Pandemic supports led to 19 per cent reduction in poverty in 2020

Pandemic supports led to 19 per cent reduction in poverty in 2020
The Canadian Press
Income supports like the CERB reduced levels of poverty in Canada in 2020, according to the Canadian Centre for Policy Alternatives.

Despite high levels of job loss during the early pandemic in 2020, there was a decrease in poverty levels in Canada, which experts attribute to income supports like the CERB, but note some people who needed the support did not qualify.

Katherine Scott, a senior researcher with the Canadian Centre for Policy Alternatives, analyzed Statistics Canada data, which showed an 18.9 per cent reduction in poverty between 2019 and 2020 in the country.

“Poverty, looking back, across the board across, all the provinces actually dropped quite sharply. In fact, the scale of the drop was certainly the largest in past decades,” Scott told CHEK News in an interview.

“Bringing in income security measures to support people who lost income and employment as a result of the very necessary public health restrictions that were brought in to manage the pandemic, but the upshot was, there was a very sharp drop in poverty in 2020.”

Scott notes the reduction in poverty varied between provinces, as each province brought in different measures.

B.C. had the second highest reduction in poverty across the provinces, moving the province from seventh to second in one year in terms of fewest people living in poverty.

However, Scott notes this reduction in poverty was not seen by all Canadians, and Canadians with disabilities were less likely to qualify for pandemic supports.

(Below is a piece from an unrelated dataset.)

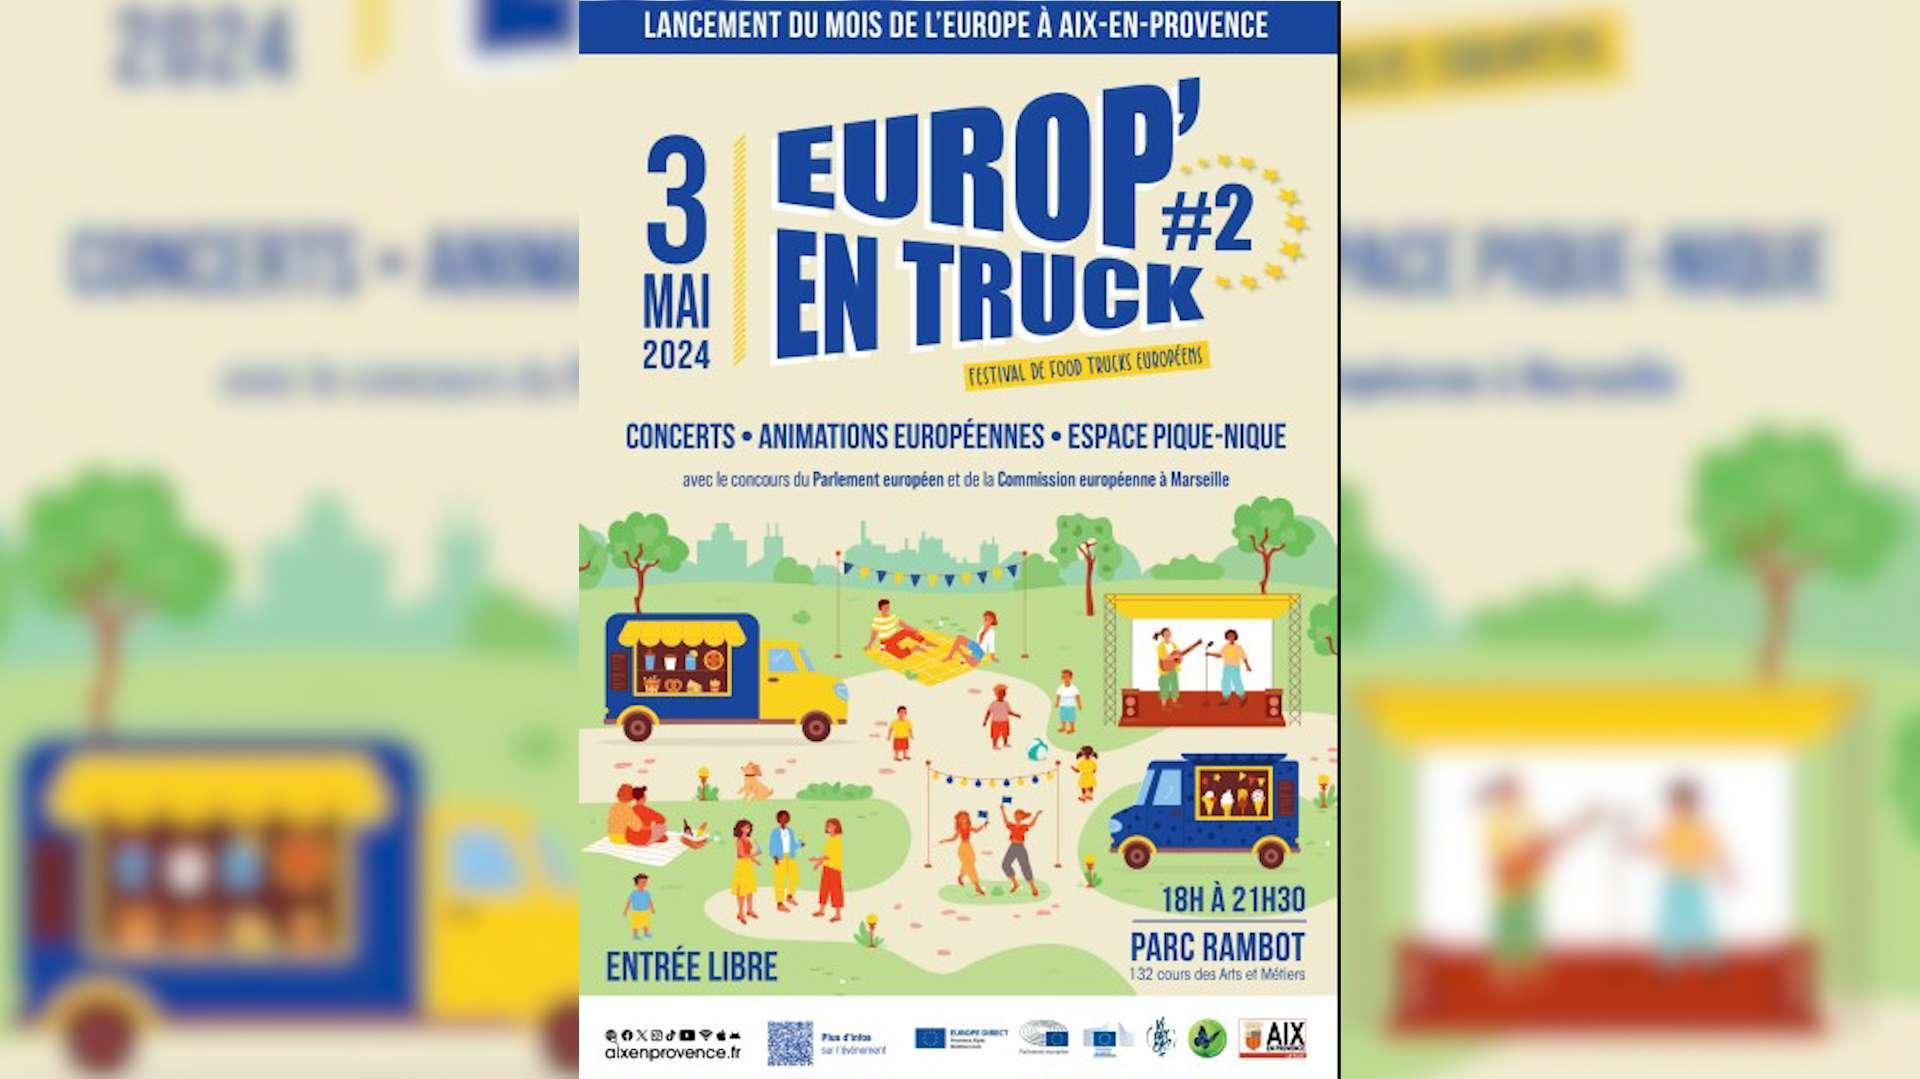 Le "Mois de l'Europe" à Aix démarre avec un festival de food trucks vendredi

“One of the features of the pandemic programs that were bought brought in back in 2020, was that it was largely targeted to folks who had lost employment and income related to job loss or reduction in hours,” Scott said. “People with disabilities, a large proportion of whom, of course, rely on social assistance, received very little support as they faced much higher costs of living.”

Bill Adair, executive director for Spinal Cord Injury Canada and a person with a disability, says people with disabilities make up 22 per cent of the population between the ages of 15 to 64, and many of them did not qualify for the supports during the pandemic.

“In particular, the CERB benefit, which was $2,000 a month, and essentially the Government of Canada recognized that as a reasonable living income for people,” Adair said. “And of course, people with disabilities who are on benefits don’t make nearly that much a month, depending on the province or territory they’re in, it may be between maybe between $1,000 and 1,800 a month.”

On top of not qualifying for the benefits, Adair, who also serves on many organizations at federal, provincial and local levels including Disability Without Poverty, notes people with disabilities often have costs that non-disabled people do not have, and those increased during the pandemic.

“These are things such as acquiring assistive devices that aren’t covered by government programs, out of pocket medical expenses, additional personal support worker costs, and that’s when there’s not a pandemic,” Adair said.

“And of course when there’s pandemic there were additional costs that people with disabilities face and especially people living in the community, things such as personal protective equipment, they couldn’t go grocery shopping, so they had to have pay for the delivery, additional cost for transportation would be some examples.”

According to a 2018 Government of Canada report, people with disabilities made up 30 per cent of all people in deep poverty in Canada, but Adair says there are some things the government can do in order to address the needs of people with disabilities living in poverty.

“There needs to be in an increase in the benefits provided by the provinces and the territories, and as the Government of Canada introduces the new Canada Disability Benefit, it needs to be introduced in a way where the provinces and territories agree they will not claw back on the benefits they’re providing,” Adair said.

“And as these programs are being developed and implemented, they need to take into consideration the local cost of living. So how much a dozen eggs costs in Iqaluit is very different from dozen eggs in Montreal.”

From the federal government, Adair says the Canada Disability Benefit needs to be rolled out quickly.

“The work on creating the the Canada Disability Benefit needs to be accelerated, it needs to move quickly, we need to get money into the hands of people with disabilities living in poverty,” Adair said.

“There will be some debate in the future as to what that dollar figure might be, but it should never be below $2,000 a month, because that’s what Government of Canada put out as the amount paid through CERB. But we also need to take into consideration the additional costs people with a disability face and experience.”

Adair also said the government needs to have “decision makers” addressing the needs of Canadians with disabilities. During the pandemic, he says Carla Qualtrough, minister of employment, workforce development and disability inclusion, worked with a Disability Advisory Group to make recommendations for disabled Canadians.

“We actually provided recommended a dollar figure, and the minister represented this to government, but they did not pick up on it,” Adair said.

“There needs to be increased awareness across the the government of the day about the importance of considering people with disabilities. It’s not good enough to have a minister who understands what the needs are, who has an advisory group, who was listening to the advisory group, but others in positions to make decisions, such as the Minister of Finance, such as the Prime Minister, need to understand.”